Material for this task:
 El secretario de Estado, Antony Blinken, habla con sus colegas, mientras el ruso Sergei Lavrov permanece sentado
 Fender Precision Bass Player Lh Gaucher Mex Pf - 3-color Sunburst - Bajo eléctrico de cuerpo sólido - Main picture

==

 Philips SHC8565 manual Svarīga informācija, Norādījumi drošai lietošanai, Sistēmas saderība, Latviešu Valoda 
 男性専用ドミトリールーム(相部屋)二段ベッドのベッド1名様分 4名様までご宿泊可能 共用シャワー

---

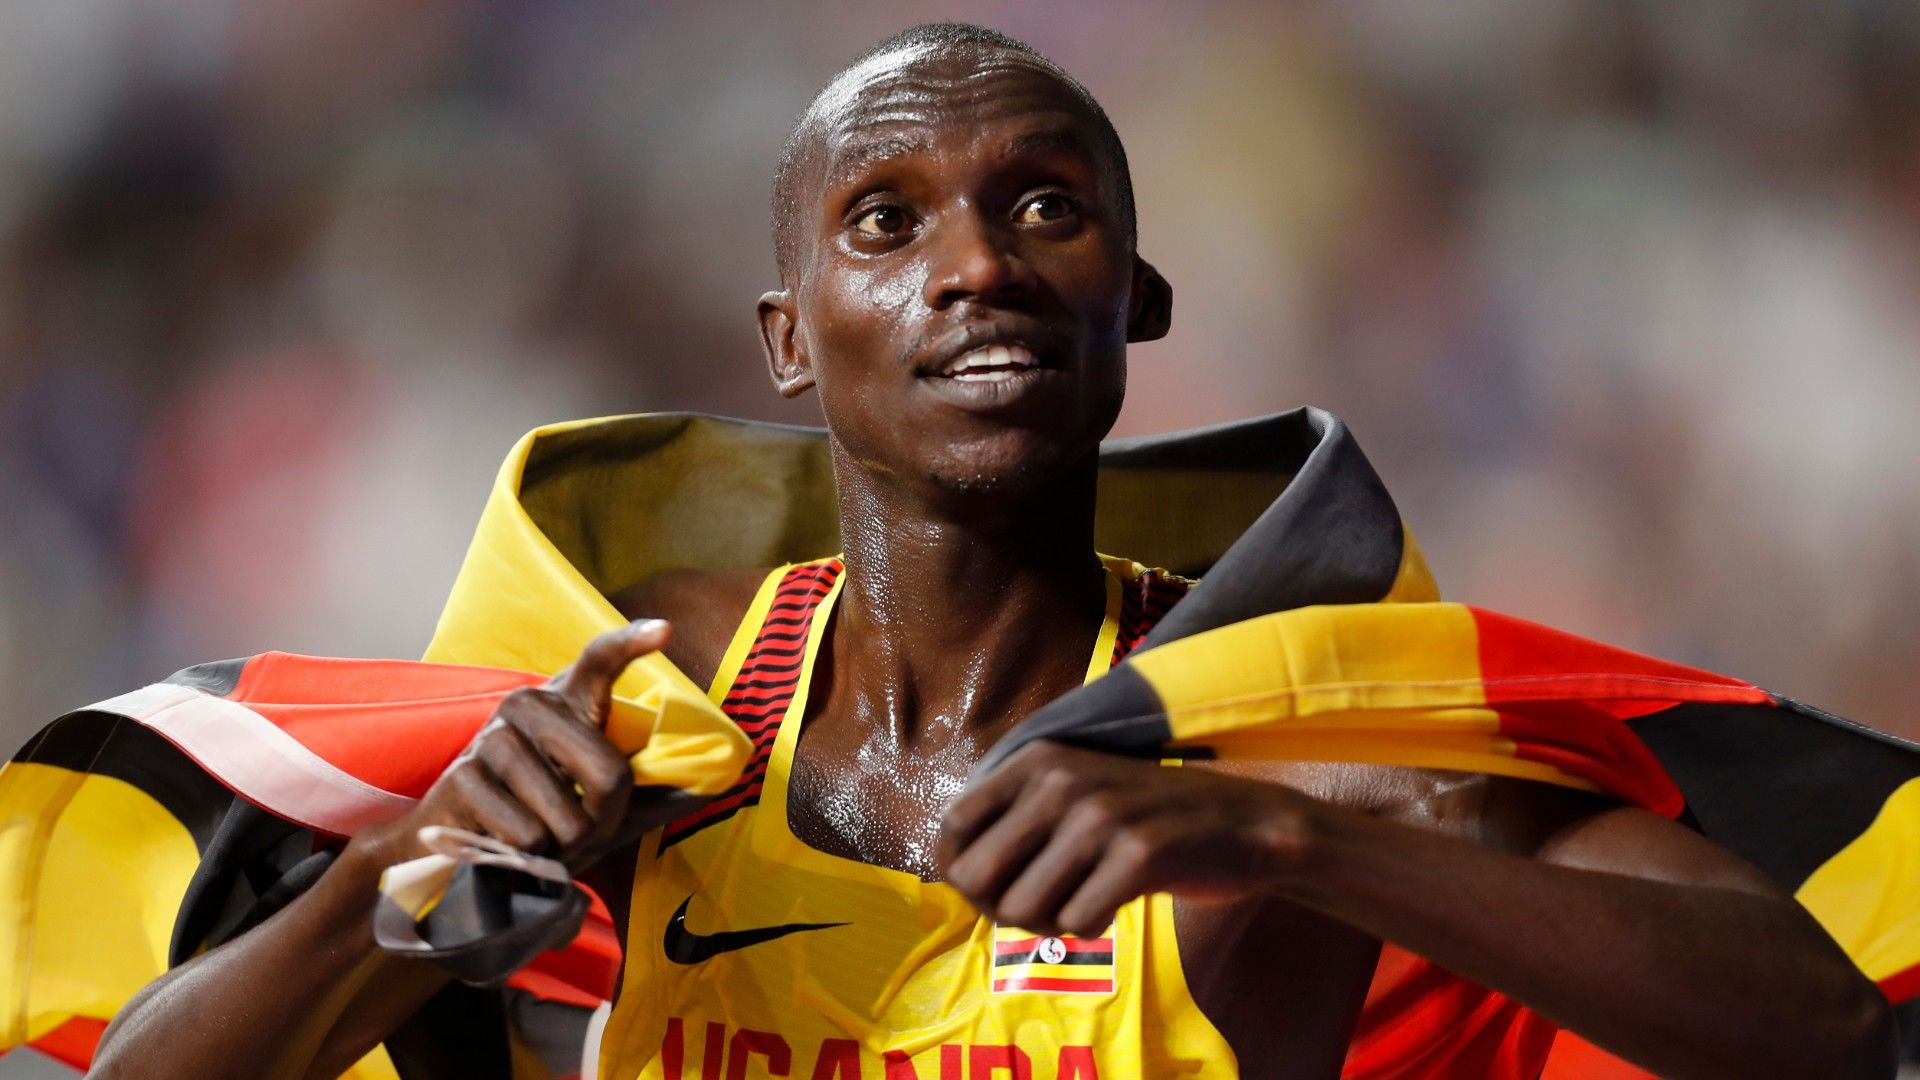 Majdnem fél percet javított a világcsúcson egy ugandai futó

Task details: In the listing above, find the line with "Philips SHC8565 manual" and the line with "男性専用ドミトリールーム(相部屋)二段ベッドのベッド1名様分 4名様までご宿泊可能 共用シャワー"; output exactly those lines and all lines between them.

Answer space:
 Philips SHC8565 manual Svarīga informācija, Norādījumi drošai lietošanai, Sistēmas saderība, Latviešu Valoda 
 男性専用ドミトリールーム(相部屋)二段ベッドのベッド1名様分 4名様までご宿泊可能 共用シャワー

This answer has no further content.